MND isn't just a health crisis; it's a life crisis that upends every aspect of existence, including finances. As an NHS consultant psychiatrist, Andrew provided our primary income. Upon diagnosis, he was advised to retire immediately rather than take sick leave. I left my guitar teaching position to become his full-time caregiver. Initially, his life insurance refused payment, absurdly claiming he might recover from this incurable disease before eventually relenting.
Understanding Motor Neurone Disease
Motor neurone disease is an uncommon condition affecting the brain and nerves, typically striking people in their 60s and 70s but capable of affecting adults of all ages. The disease involves deteriorating motor neurons that gradually impair movement, swallowing, and breathing. While not usually hereditary, having a close relative with MND can increase risk.
Early symptoms include:
- Weakness in ankles or legs causing tripping or stair-climbing difficulty
- Slurred speech progressing to swallowing problems
- Weak grip leading to dropped objects or difficulty with buttons
- Muscle cramps and twitches
- Unintended weight loss and muscle thinning
- Inappropriate crying or laughing episodes
The NHS recommends consulting a GP if these symptoms appear, noting that while MND is unlikely, early diagnosis ensures proper care and support.

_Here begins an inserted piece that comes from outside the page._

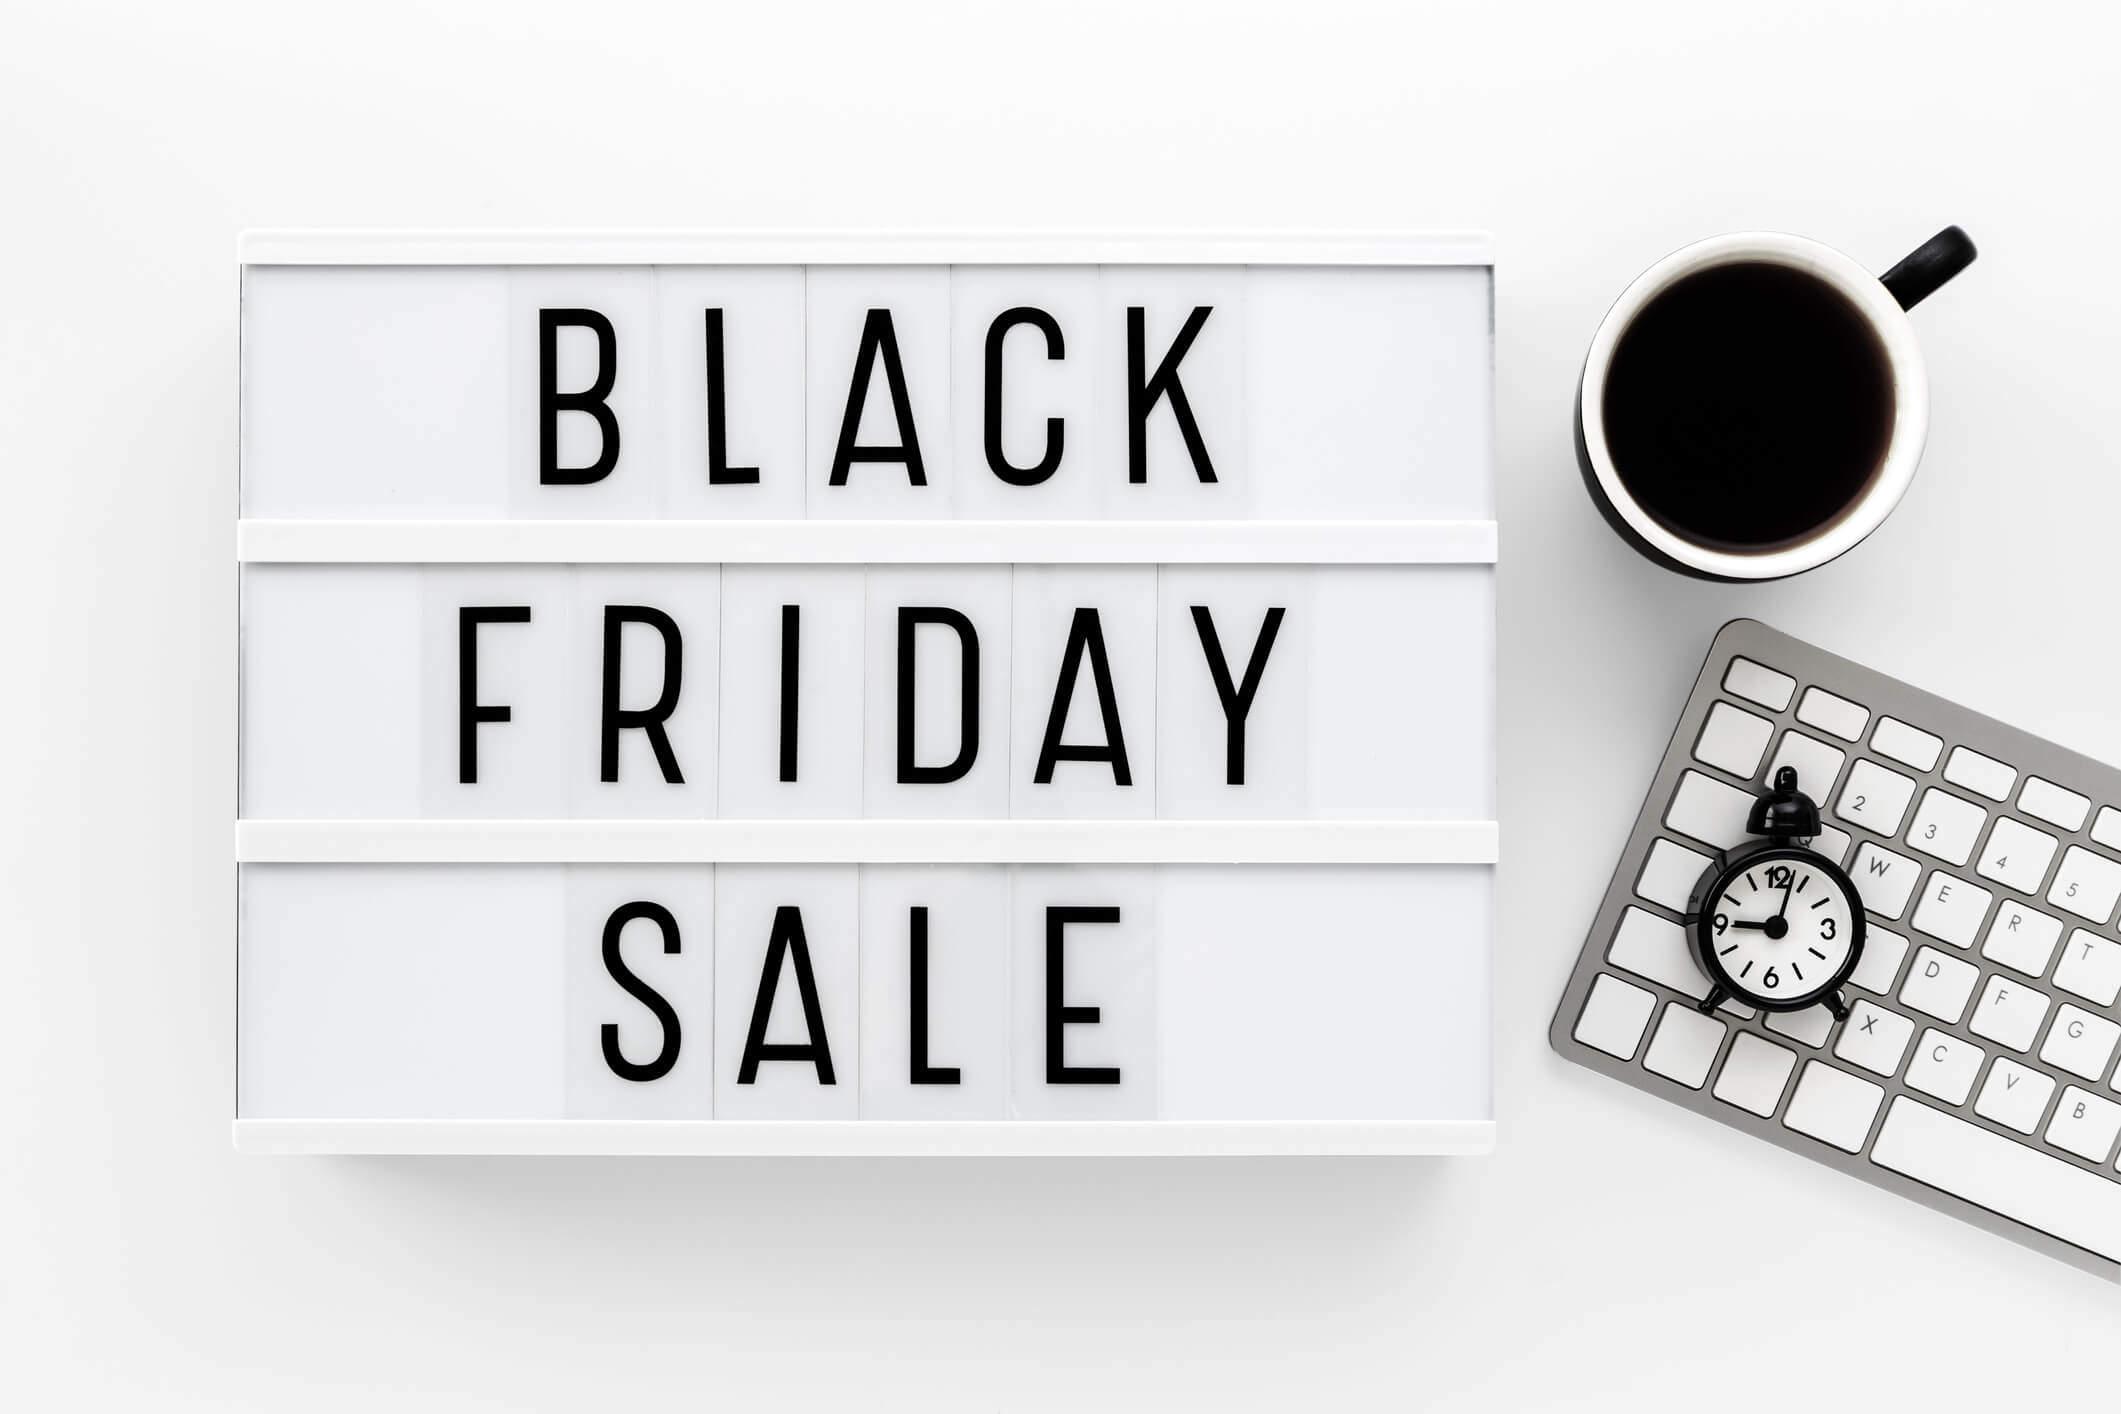 Black Friday, comment bien préparer son site e-commerce

The Search for Treatment and Systemic Failures
We received mixed support from charities. Our local hospice provided excellent palliative care preparation, and an MND charity granted funds for a family holiday. However, the broader system fails MND patients. With only about 5,000 people living with MND in the UK at any given time, patients often feel invisible, vulnerable, and essentially abandoned.

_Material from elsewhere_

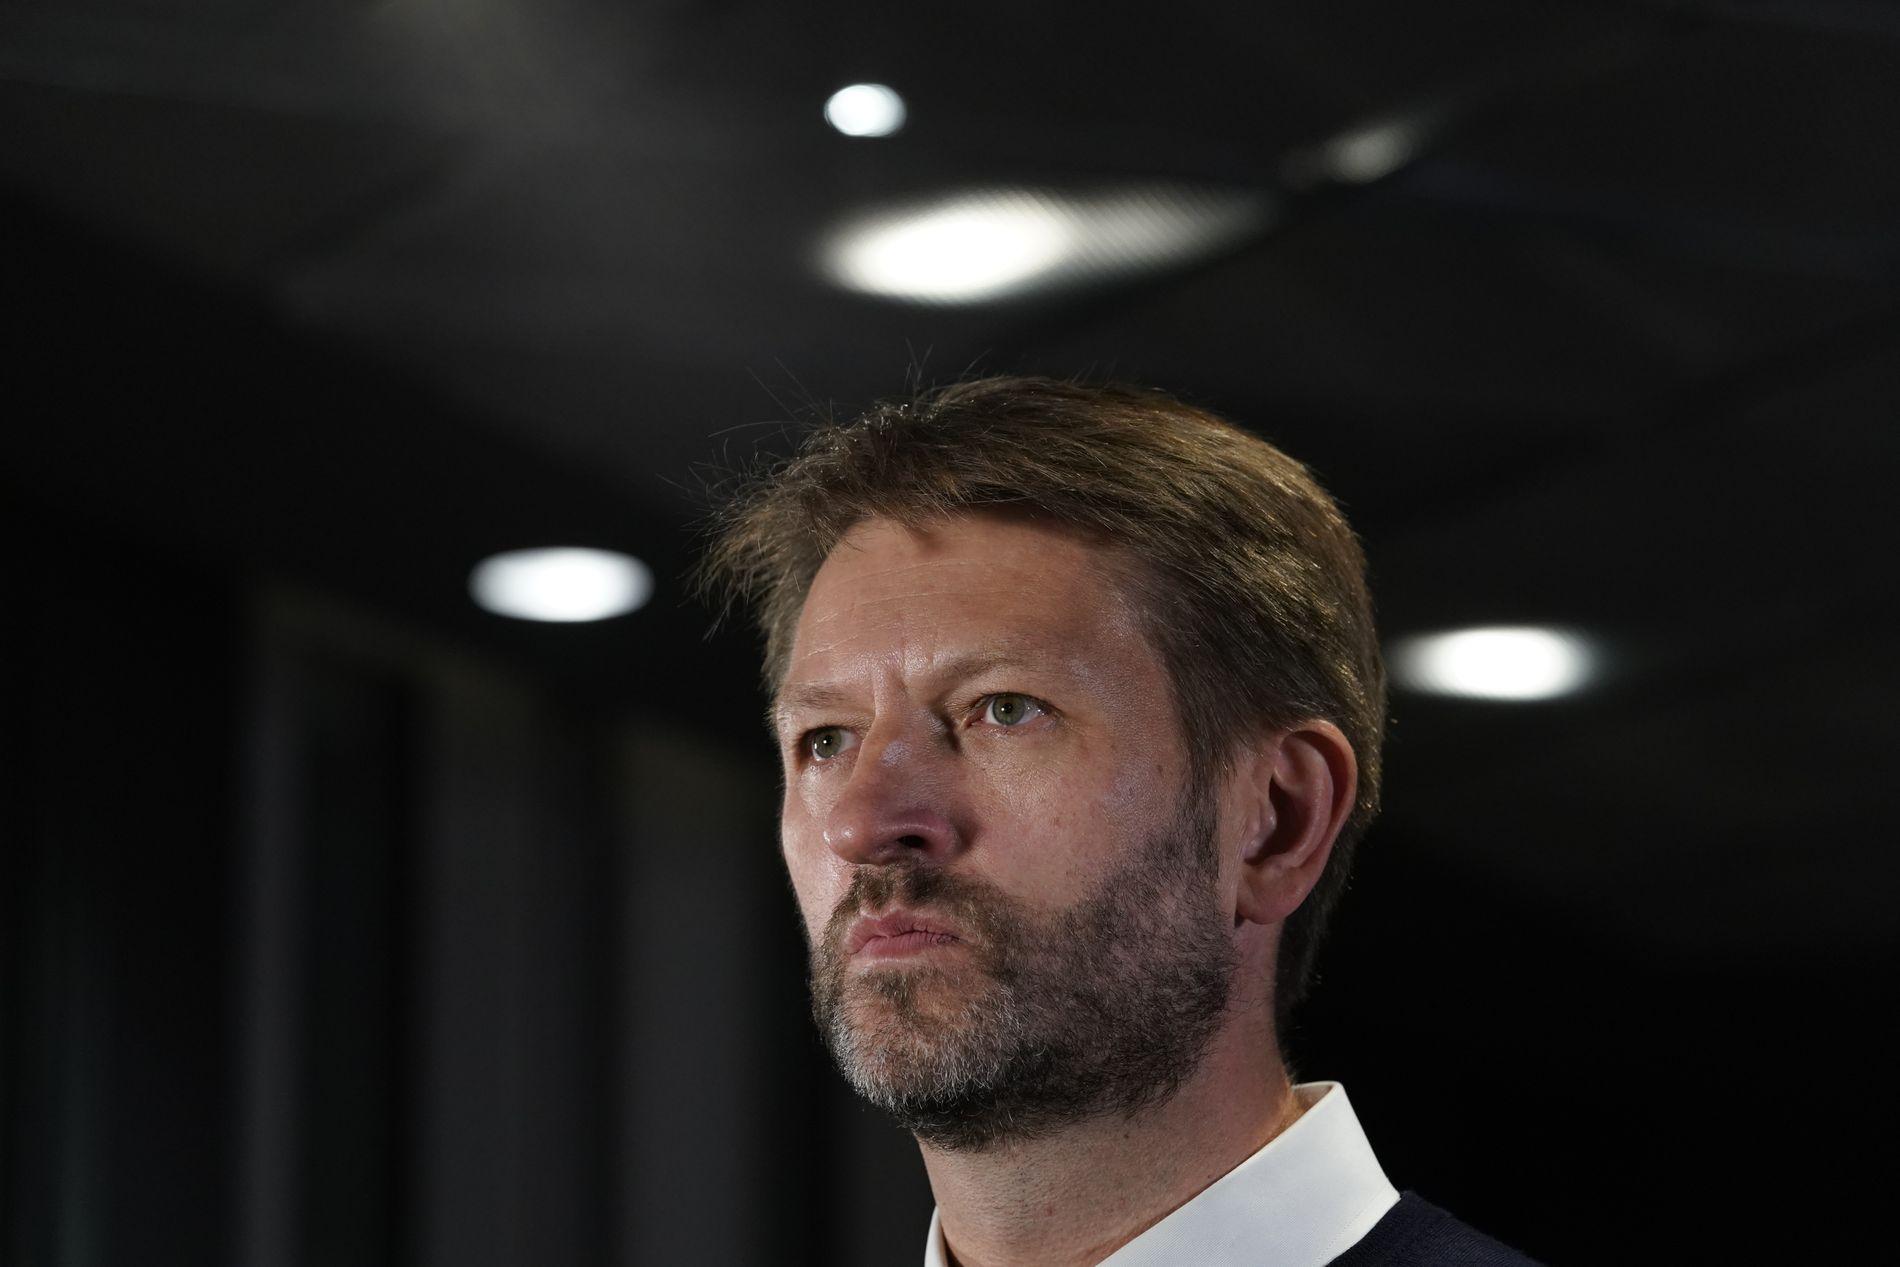 STØRST: Oslo Høyre og byrådslederkandidat Eirik Lae Solberg sanket flest stemmer.

What's desperately needed is precision medicine and RNA therapy, which can control, edit, or replace genetic information to treat diseases by regulating protein expression and correcting genetic mutations that cause MND. Genetic testing can identify known causes, and treatments can be developed within six months in the United States.
We collaborated with US biotech firms and UK teams to develop precision medication targeting protein imbalance, potentially offering a smoother, cheaper, more effective approach for MND sufferers. Tragically, Andrew died two months before his medication could be completed. By the time we discovered the treatment company in August 2025, it was far too late.
A Call for Action and Awareness
Like Eric Dane, who used his platform to campaign for MND awareness before his death, we must break the taboo surrounding this disease. No family should endure what ours has, or what Eric Dane's family is currently experiencing. We need accelerated research, better support systems, and ultimately a cure.
Our family is coping as well as possible - I've returned to work, and our children are doing their best. We often dream of a time when Andrew might have become ill after treatments became available. The fight against MND requires urgency, compassion, and substantial investment so that future families might have more time than we were granted.